34. The Commission considers, therefore, that the judicial control of the applicant's detention was not automatic. Nor was it exercised by a magistrate who had himself heard the applicant. As a result, the requirements of Article 5(3) of the Convention were not met in the applicant's case.

 

Conclusion

35. The Commission concludes, unanimously, that in the present case there has been a violation of Article 5(3) of the Convention.

 

D. As regards Article 5(4) of the Convention

36. Article 5(4) of the Convention provides as follows:

Everyone who is deprived of his liberty by arrest or detention shall be entitled to take proceedings by which the lawfulness of his detention shall be decided speedily by a court and his release ordered if the detention is not lawful.

37. The applicant submits that there is no remedy whereby the lawfulness of his arrest or detention can be challenged "speedily". Article 137 of the Criminal Code creates an offence, the sanction for which is the punishment of the culprit. It does not envisage the release of the person who is unlawfully detained. The cases invoked by the Government arose out of exceptional circumstances and do not establish that Article 137 of the Criminal Code affords protection similar to that of habeas corpus.

38. The Government submits that Article 137 of the Criminal Code does not simply create a criminal offence. It provides the legal basis for a procedure whereby a person may, by application, request the court to examine the lawfulness of his arrest. This procedure is akin to habeas corpus proceedings in common-law countries. A number of cases have already been decided by the courts on this basis.

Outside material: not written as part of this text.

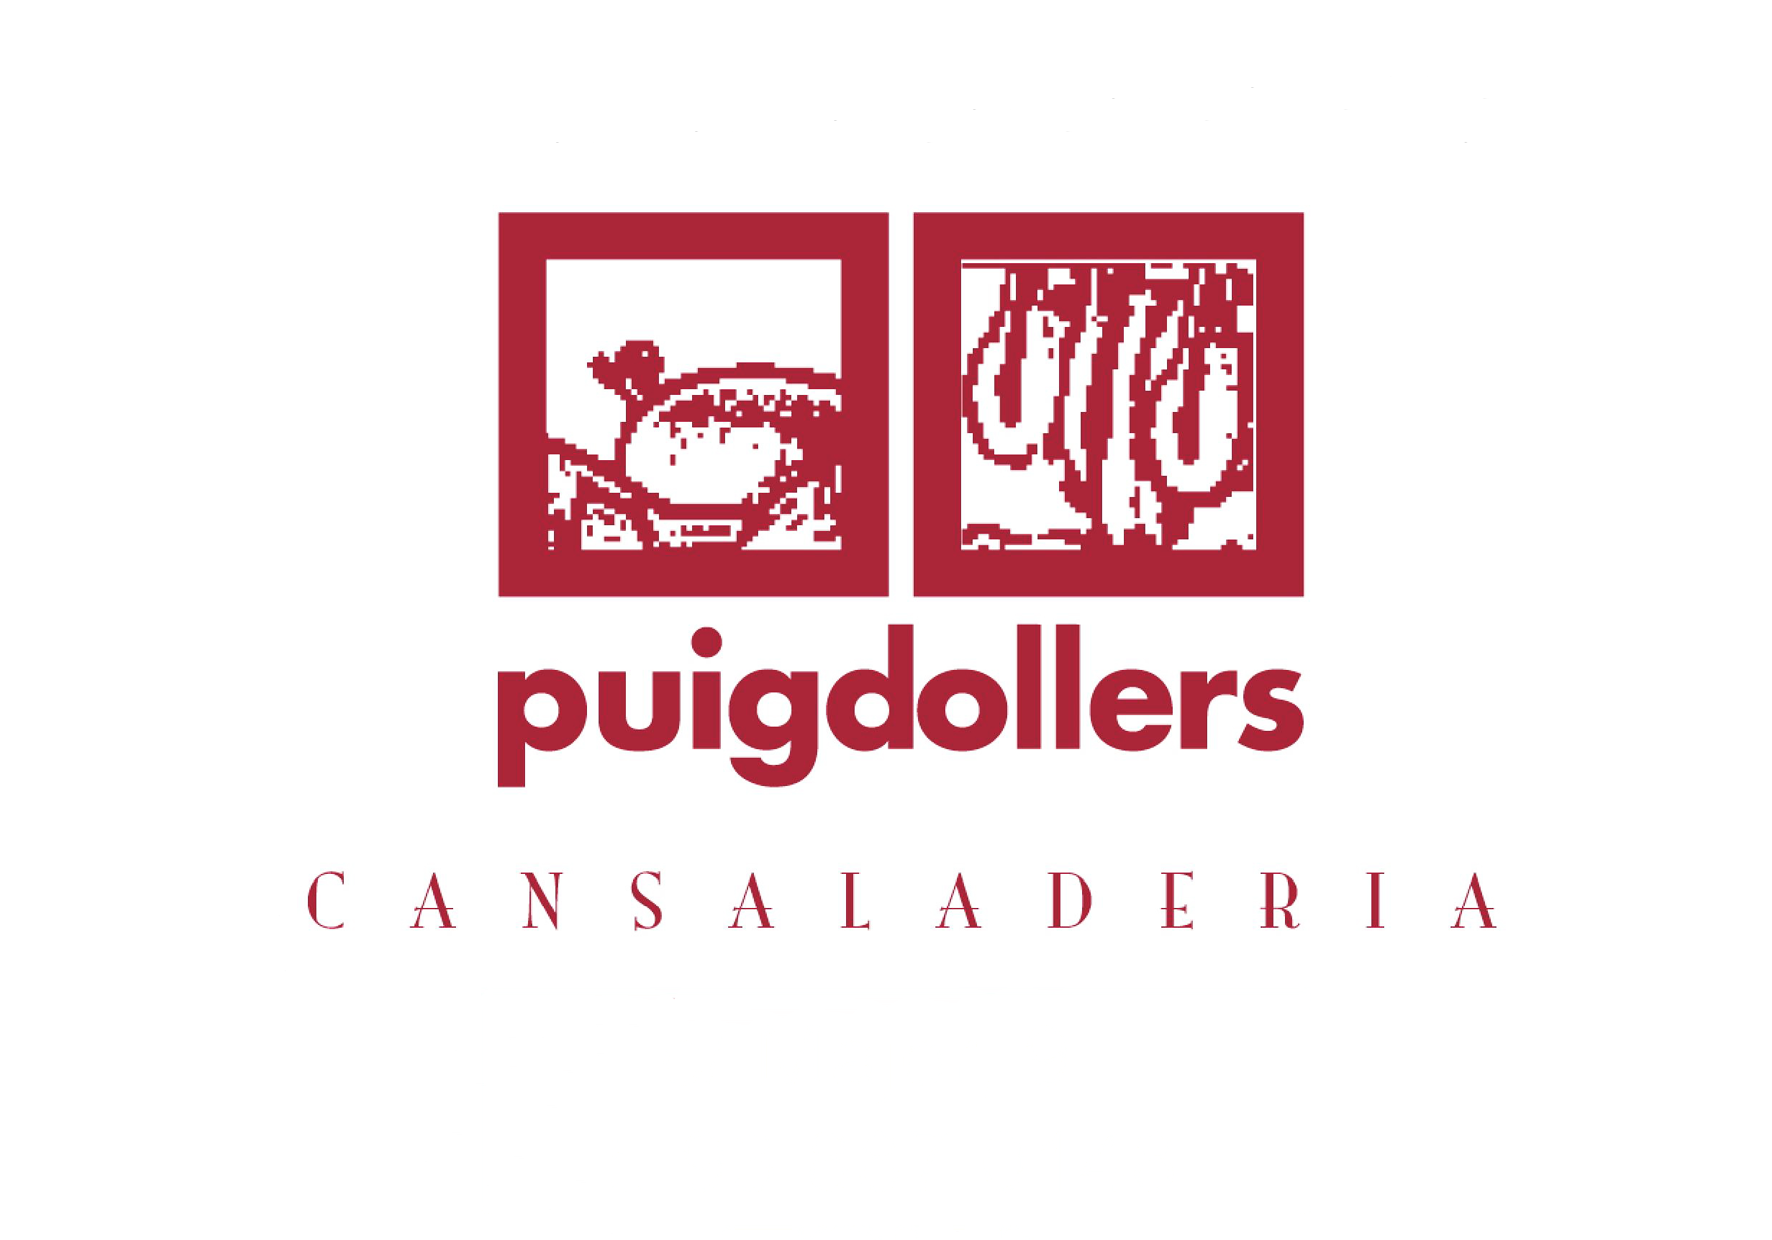 CANSALADERIA PUIGDOLLERS

39. The Commission recalls that, in accordance with the Court's case law on Article 5

the procedure followed for bringing a person before the competent legal authority in accordance with paragraph 3 taken in conjunction with paragraph 1(c) may ... have a certain incidence on compliance with *198 paragraph 4. For example, where that procedure culminates in a decision by a court ordering or confirming deprivation of the person's liberty, the judicial control of lawfulness required by paragraph 4 is incorporated in this initial decision. ... However, the guarantee assured by paragraph 4 is of a different order from, and additional to, that provided by paragraph 3. [FN9]

 

FN9 De Jong. Baljet and Van den Brink v. Netherlands. loc. cit., para. 57.

 

40. The Commission notes that the second magistrate carried out a first review of the lawfulness of the detention on 10 October 1994 which was not, however, consonant with a procedure embodying the guarantees inherent in Article 5(3) of the Convention. Since the applicant was finally released on bail on 25 October 1994, it remains to be determined whether a separate issue could arise under Article 5(4) of the Convention if the applicant was indeed unable to take judicial proceedings in the interim whereby the lawfulness of his continued detention could be speedily decided.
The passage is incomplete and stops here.